Managing the Madness
One of the most common phrases I hear as a full-time working, as-present-as-possible Mom is, "I don't know how you do it all."
At this time, I'd like to thank my ever-present feelings of anxiety, my overall abandonment issues, and my very dry sense of humor and aggressive communication style for really stepping up in this regard. Really creates that drive for success cocktail that I am constantly sipping on. Choking on. Drowning in. Sometimes it's like one of the banana boat cocktails in a bucket, guys.
In all reality, I don't know how not to do it all.
Especially when it comes to my kids. I don't want to miss a single second of this time in their lives where they still want me to be a part of every single thing they do. Sometimes I google tranquilizers for children, but that's normal for that feral Golden Hour, right?
I have a very goal-driven personality. I have to have something to work toward, whether short- or long- term. This might be borderline or full-fledged OCD (I'll rabbit hole Google that later), but I do know a lot of my success can attributed to this part of myself.
The bulk of my professional work centers around facets of project management - telling people what to do and when to do it, and the best way to say it, as well as timeline accountability. All of these tasks align well with being a mother.
So, I guess that's my number one trick - I don't have different personas for my professional and personal lives.
Now obviously I'm not talking politics or seggsy life in the workplace, but I don't dull myself to my coworkers like I have in the past. That's to say - if I'm exhausted because my almost 3-year-old decided to rave in da club at 1:37am (aka wake me up by whispering "mommy" two inches from my face then sob hysterically when I grunt a long-forgotten language at her), well I tell someone on the 7am meeting they scheduled that I'm still sipping my coffee and am as present as I can be in this moment.
I don't think you should have to be two different people in any scope of your life, and if you are, maybe that's contributing to your mental exhaustion?
I think the other aspect I prioritize in all aspects of my life is being as emotionally aware as I can, which goes hand-in-hand with understanding communication styles.
I know that I am more comfortable communicating if I can find a personal connection with someone, so this tends to mean I need longer conversations because I like lots of words.
I have a friend who is a very analytical thinker. He needs facts and logic, so I need to trim fluff to get a lucrative conversation. I have another friend who is a problem-solver, and always wants to help find the solution, so I need to make sure I am clear about when I need a solution versus when I just need to spout off.
These are very manageable twists to make to my communication style.
My last manager needed to feel like a crucial person in the room. Lady Opportunity felt being important meant being acknowledged and at the forefront in all regards. She also was incredibly disorganized and frequently forgot things she said or someone else said to her. I had to constantly be hyper-conscious of exactly what I said and how I said it at all times.

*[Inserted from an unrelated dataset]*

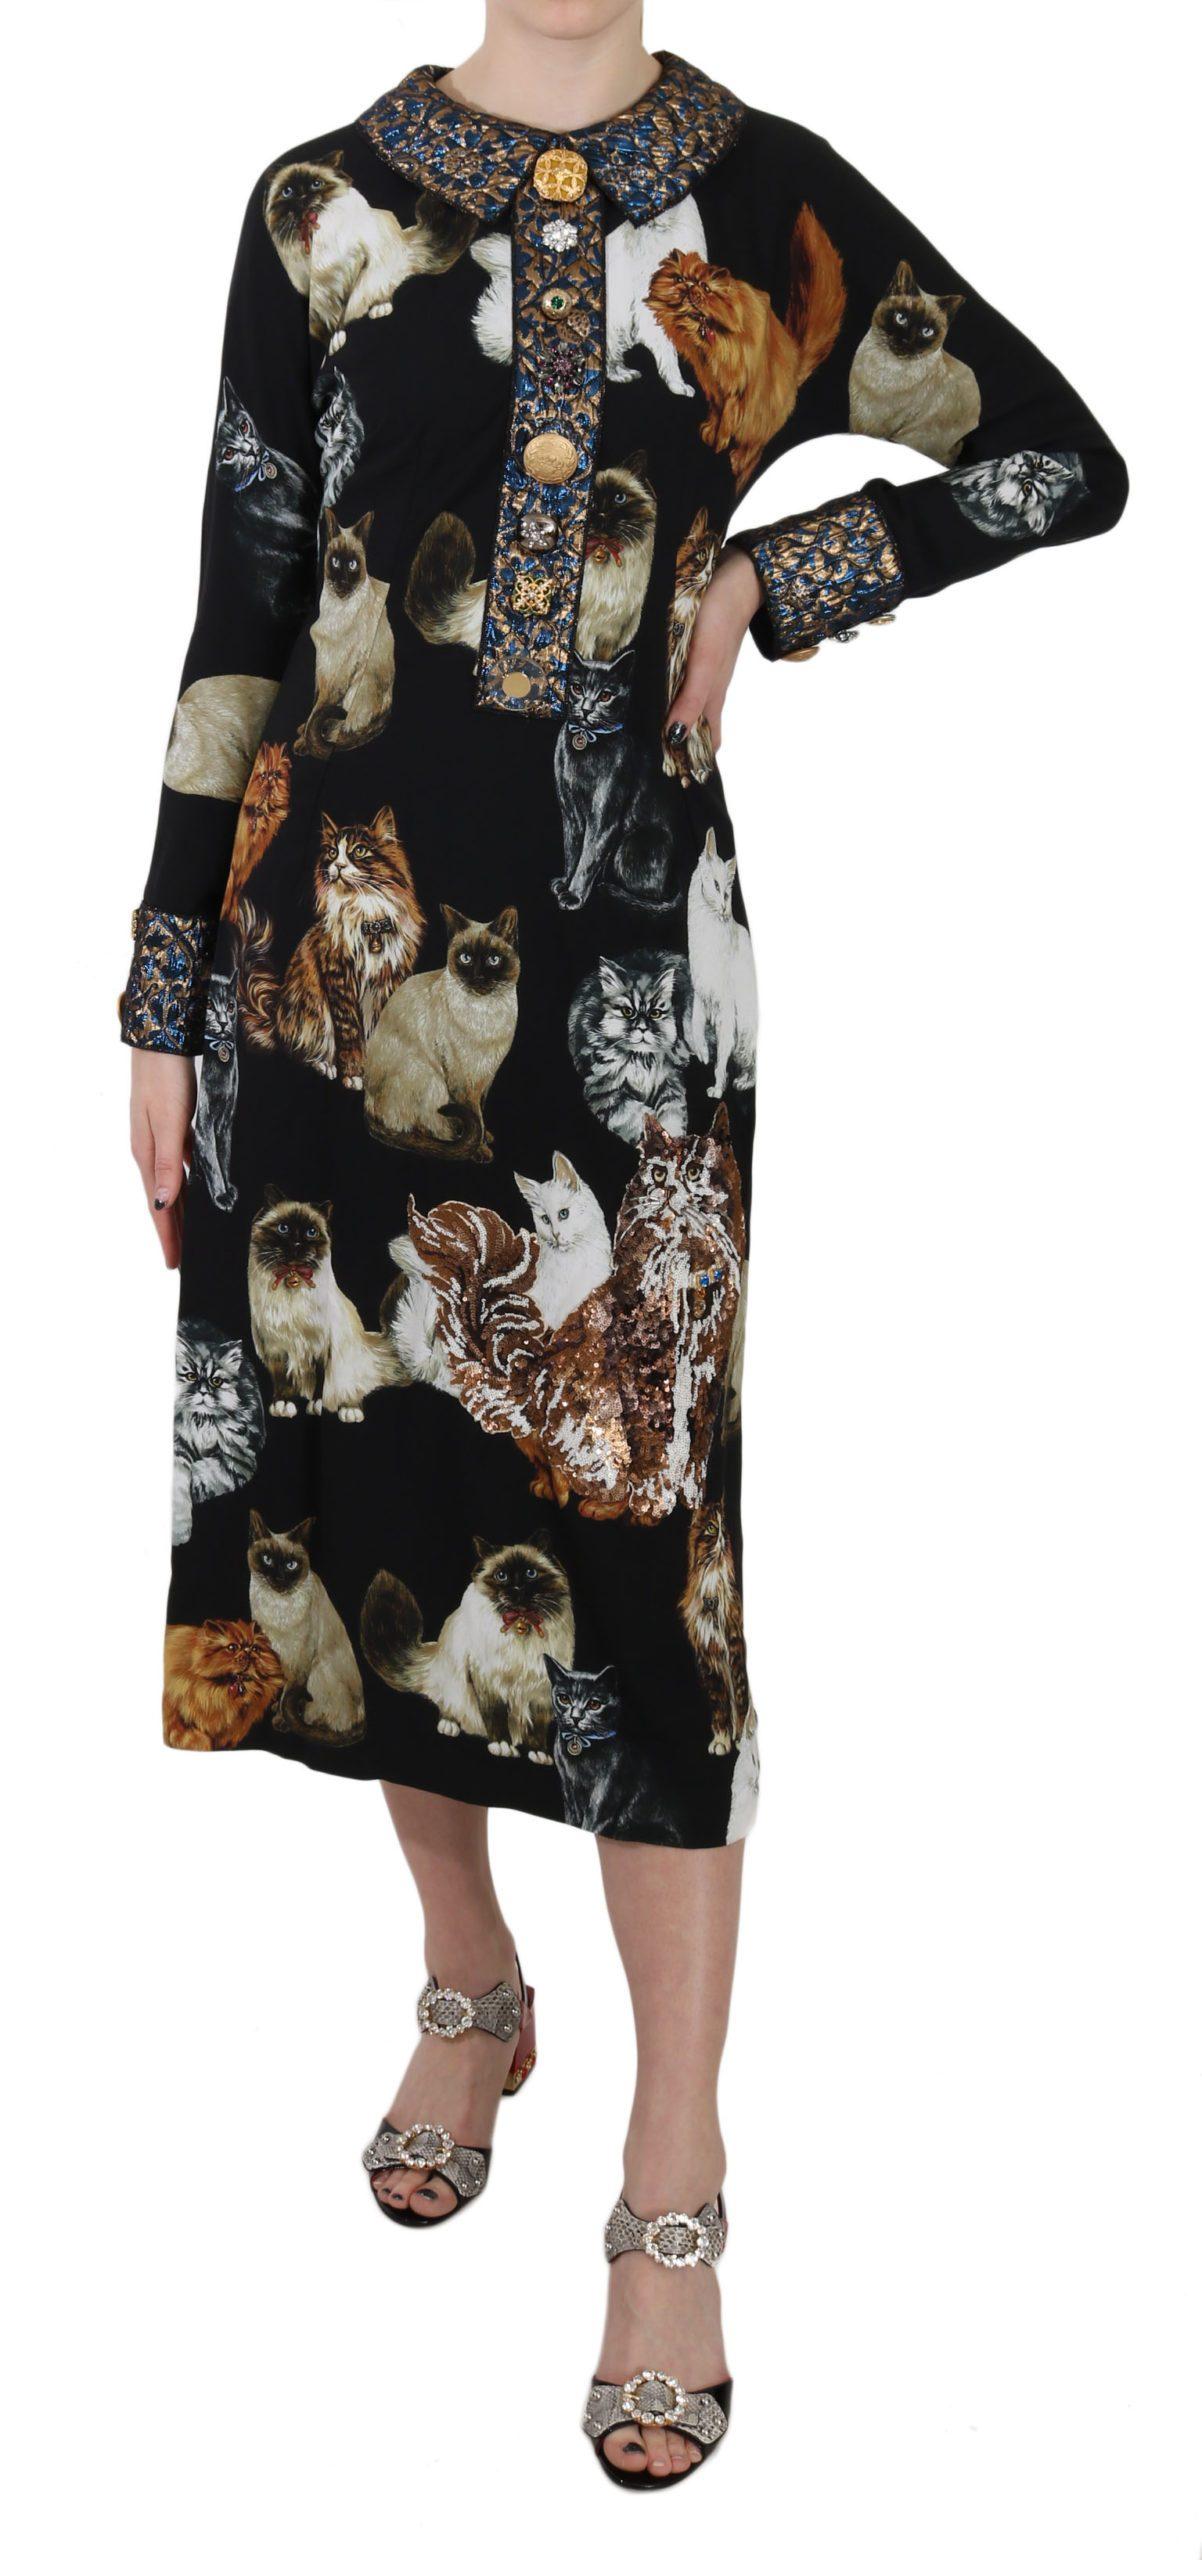 Dolce & Gabbana Women's Bengal Cat Crystal Jacquard Dress Black DR1661 - IT42 M

That was freaking exhausting.
I try to keep my direct circle to people who I don't need to worry about being myself with. And I've definitely prioritized ensuring my professional life is with people who align to those standards.
There's too many things to do, too little time, and not enough coffee and cake to binge on to do otherwise.
So, maybe it seems I'm managing the madness, but I am actually managing myself in a way that allows the rest to follow. Sometimes I'm lounging on my back in the metaphorically delectable waters off the Grecian coast, and other times I'm hanging on for dear life in the torrential North Sea.
It's a balance, and maybe sometimes you need more of mellow and others you need the chaos to show yourself you can thrive.
Maybe sometimes you need to be more Mom than BFF, and that's okay?
Maybe you need to be less Mom, and more a partner, and that's understandable?
Maybe you need to stick to a boundary even if it's not aligning with someone else's boundary, and that's your right, because every person deserves mental peace?
And maybe, just maybe, you're actually handling it all far better than you think, because you're still breathing, the cat's still purring, the kids are still feral, and you're safe and alive and maybe emotional eating but we can tackle that on another post.
Stay messy, friends.
How Much Do I Want This Today? Holding steady at a 7/10. It's been a long week, and it's okay to give a 7/10. If that's all you have to give, and you give it all, that's still 100%.
What I'm Currently Reading: Started Variation by Rebecca Yarros. It's hinging a bit heavy in the YA tropes, so it's a slow read for me.
Current Mom Hack: We're entering birthday season in my house. My youngest is Valentine's Day, my oldest is three weeks later, which is the same day as my wedding anniversary, then a week later is my birthday. I make a lot of cakes. My youngest wanted dino themed this year, and I picked up these for the party and am pretty excited about it: 3 Rex Decoration Kit, adorable pink dino pinata, and, of course, glitter dino tattoos, because we love the tats in our house.